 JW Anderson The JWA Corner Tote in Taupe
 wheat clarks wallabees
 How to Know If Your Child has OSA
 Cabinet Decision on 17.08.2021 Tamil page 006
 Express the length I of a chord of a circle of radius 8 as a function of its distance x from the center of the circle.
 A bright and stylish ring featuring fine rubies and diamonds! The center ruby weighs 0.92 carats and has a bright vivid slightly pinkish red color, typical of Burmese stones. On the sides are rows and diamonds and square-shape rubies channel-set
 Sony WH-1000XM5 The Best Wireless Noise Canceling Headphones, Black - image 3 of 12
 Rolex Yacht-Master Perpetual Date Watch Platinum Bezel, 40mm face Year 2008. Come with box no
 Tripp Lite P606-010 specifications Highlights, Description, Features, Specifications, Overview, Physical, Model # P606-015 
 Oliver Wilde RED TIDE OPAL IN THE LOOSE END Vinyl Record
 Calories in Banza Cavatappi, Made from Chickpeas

◆ **Task**: What you output must be the lines from the opening of the material above up to and including the line with "Rolex Yacht-Master Perpetual", reproduced exactly.

◆ **Expected output**:
 JW Anderson The JWA Corner Tote in Taupe
 wheat clarks wallabees
 How to Know If Your Child has OSA
 Cabinet Decision on 17.08.2021 Tamil page 006
 Express the length I of a chord of a circle of radius 8 as a function of its distance x from the center of the circle.
 A bright and stylish ring featuring fine rubies and diamonds! The center ruby weighs 0.92 carats and has a bright vivid slightly pinkish red color, typical of Burmese stones. On the sides are rows and diamonds and square-shape rubies channel-set
 Sony WH-1000XM5 The Best Wireless Noise Canceling Headphones, Black - image 3 of 12
 Rolex Yacht-Master Perpetual Date Watch Platinum Bezel, 40mm face Year 2008. Come with box no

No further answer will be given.